Her ne kadar İİK.nun 18/3. maddesi gereğince aksine hüküm bulunmayan hallerde, duruşma yapılmasına gerek olup olmadığı icra mahkemesinin takdirine bırakılmış ise de; anılan takdir yetkisi mutlak bir seçimlik hak olmayıp halin icabına göre işin duruşmalı olarak incelenmesi gerektiği durumlarda mahkeme takdir yetkisini duruşma yapmaktan yana kullanmalıdır.
Tebligat Kanunu ve Tebligat Yönetmeliği, tebliğ belgesindeki işlemin aksinin iddia edilmesi halinde bunun tahkik şeklini ve yöntemini göstermemiştir. Mahkemece, her somut olayın özelliği, cereyan şekli, gerçekleşen maddi olgular en ufak ayrıntılarına kadar göz önünde bulundurup iddia tahkik edilmelidir. Ödeme emri tebliğ işleminin usulsüzlüğüne yönelik iddia, mahkemede her türlü delille ispat edilebileceğinden, öncelikle duruşma açılarak şikayetçiye (borçluya) ve karşı tarafa (alacaklıya) anılan konudaki delillerini mahkemeye ibraz etmeleri için imkan tanınmadan dosya üzerinden karar verilmesi usule aykırıdır (HGK.nun 2003/12-600 E. – 2003/606 K.).
O halde, şikayetin niteliği gereği duruşma açılıp, taraf teşkili sağlandıktan sonra, HGK kararı uyarınca borçlunun ileri sürdüğü hususlar araştırılarak ve tarafların gösterecekleri deliller toplandıktan sonra oluşacak sonuca göre karar verilmesi gerekirken, evrak üzerinden eksik inceleme ile yazılı şekilde hüküm tesisi isabetsizdir.

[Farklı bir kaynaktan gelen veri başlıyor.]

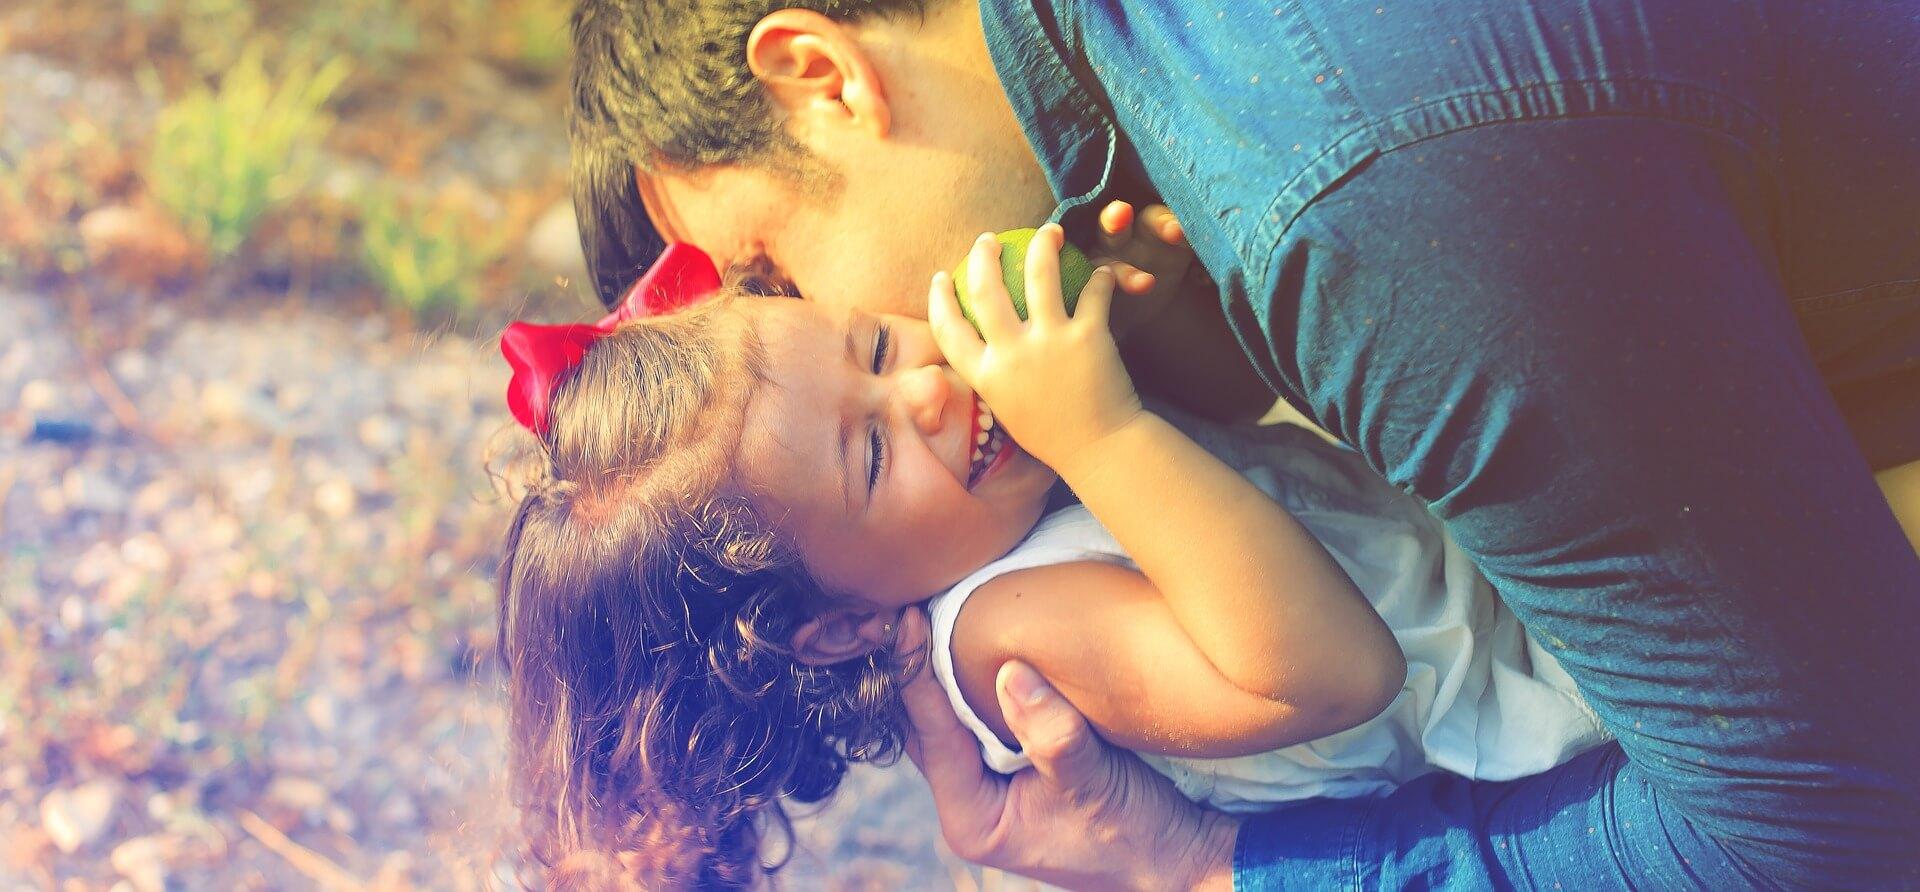 Папа обнимает и целует дочку.

SONUÇ : Mahkeme kararının yukarıda yazılı nedenlerle İİK’nun 366 ve HUMK’nun 428. maddeleri uyarınca (BOZULMASINA), bozma nedenine göre borçlunun sair temyiz itirazlarının incelenmesine yer olmadığına, peşin alınan harcın istek halinde iadesine, ilamın tebliğinden itibaren 10 gün içinde karar düzeltme yolu açık olmak üzere, 06.07.2015 gününde oybirliğiyle karar verildi.